What the exercise asks - The response should consist of the data below, copied exactly, with no pictures in it.

Data provided -
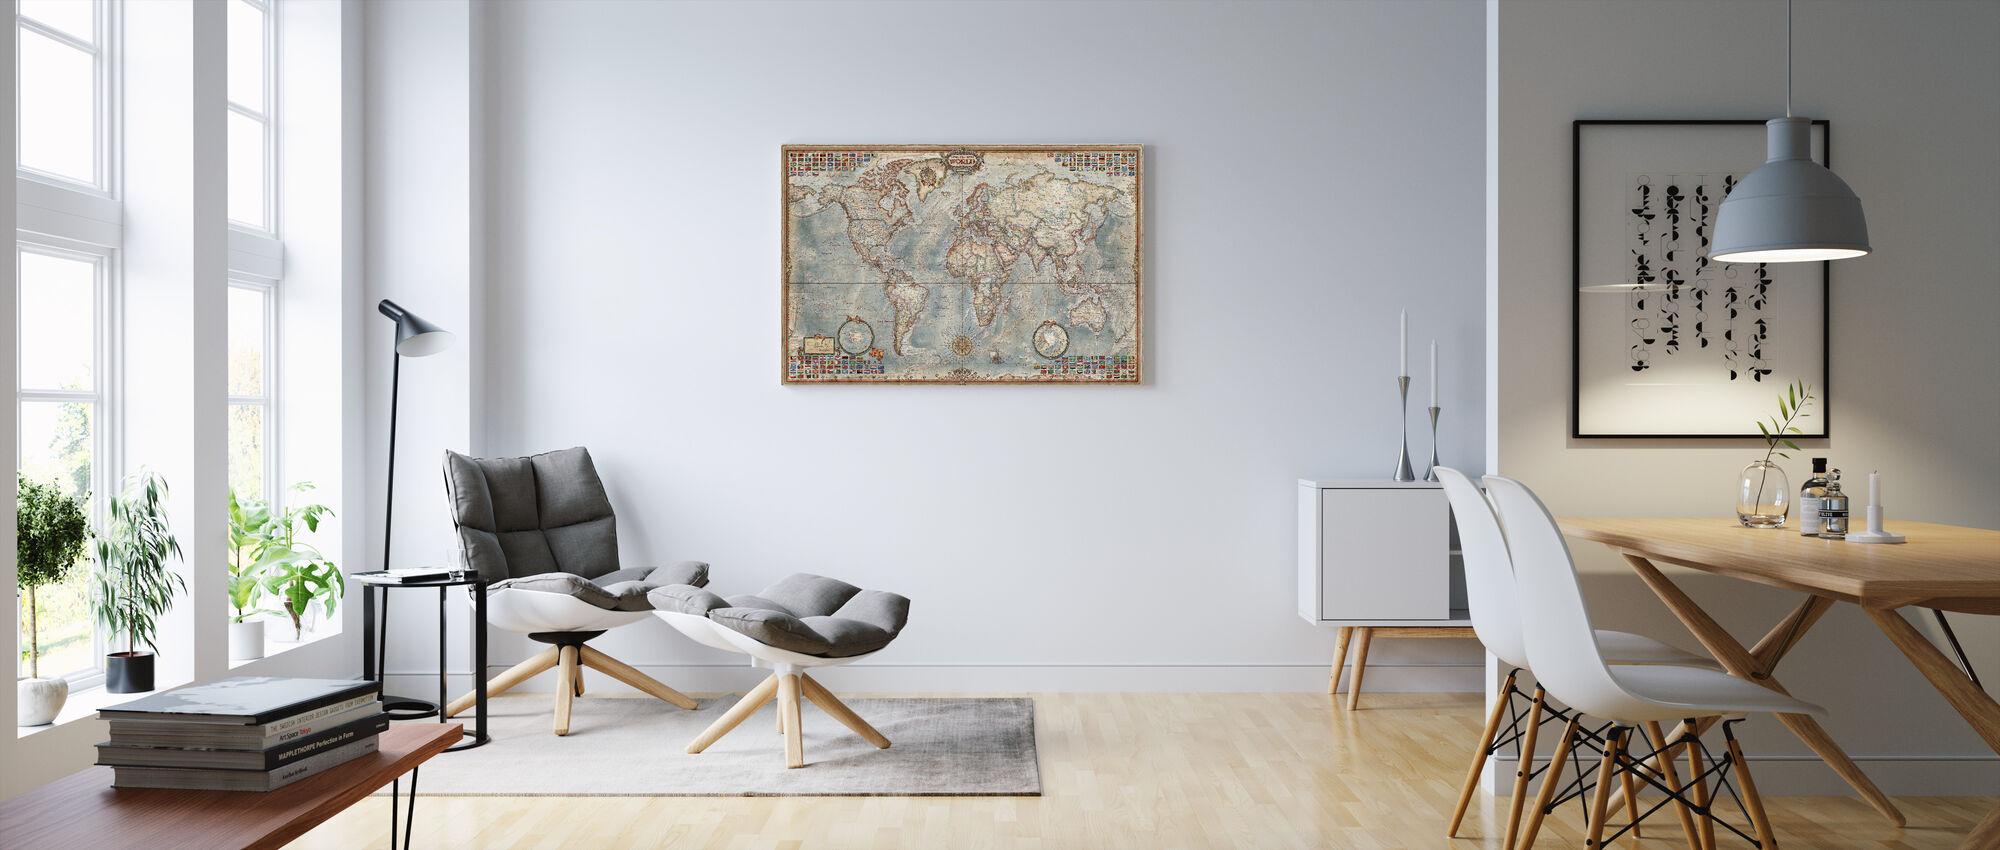 Executive Karta - Canvastavla - Vardagsrum
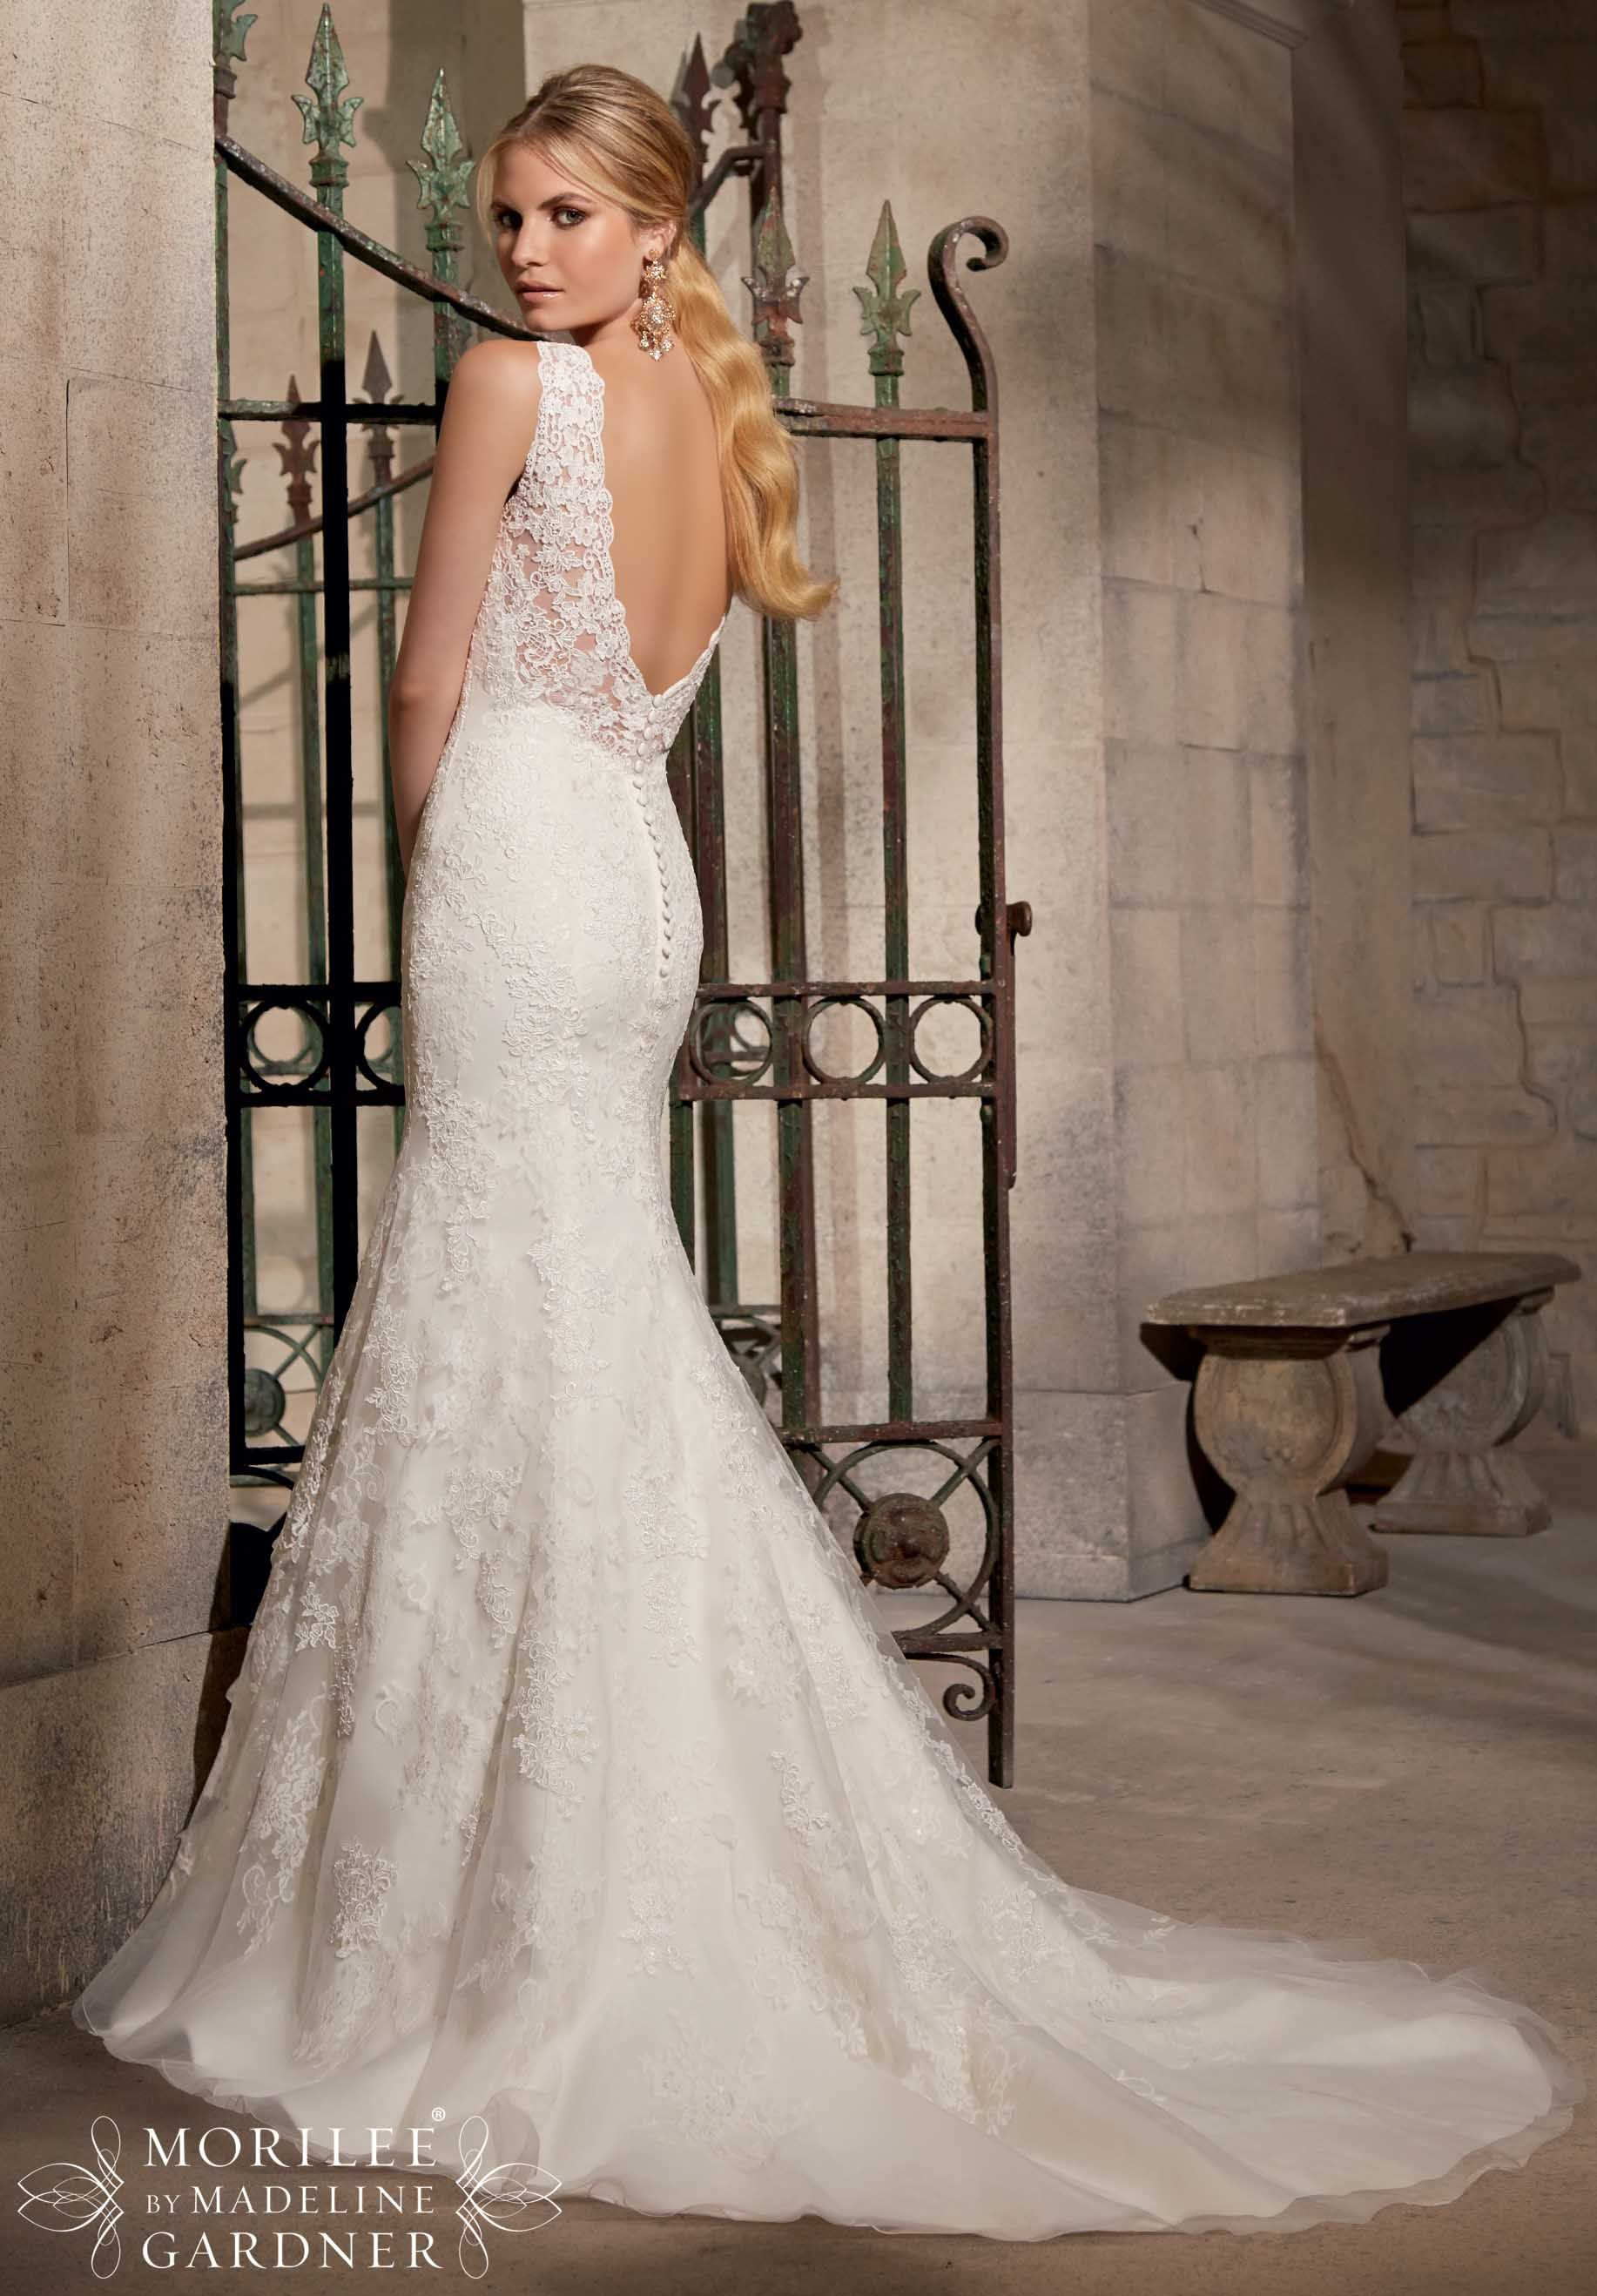 Wedding Bridal Gowns - Designer Morilee – Wedding Dress Style 2714 ...
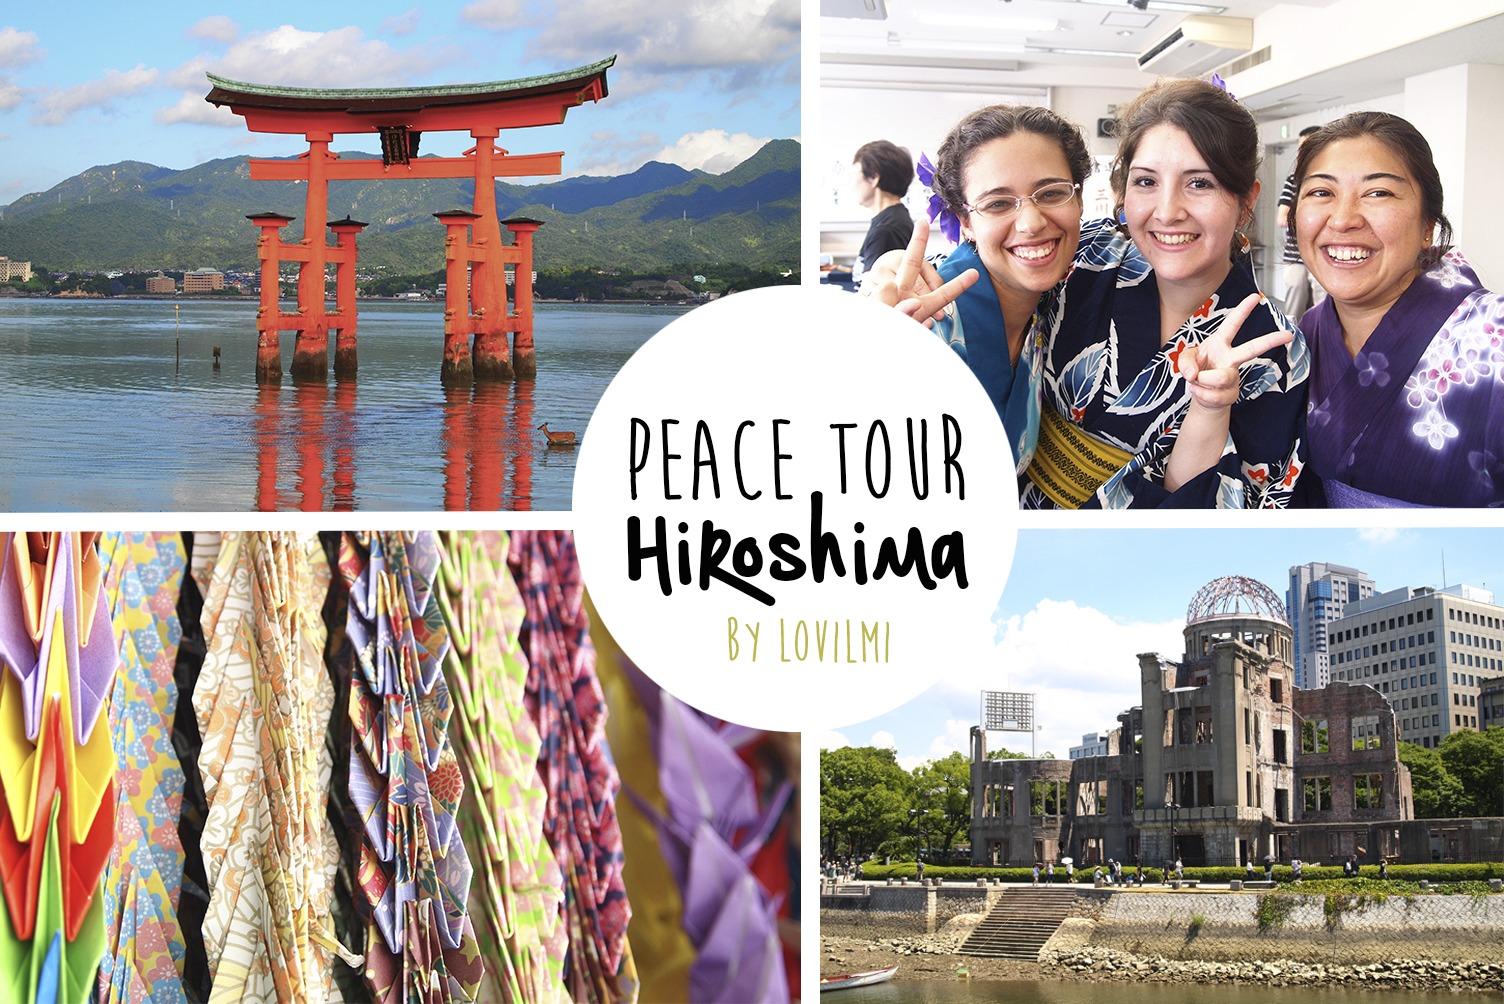 peacetourhiroshimapostbloglovilmi

Solution to the exercise -
 Executive Karta - Canvastavla - Vardagsrum
 Wedding Bridal Gowns - Designer Morilee – Wedding Dress Style 2714 ...
 peacetourhiroshimapostbloglovilmi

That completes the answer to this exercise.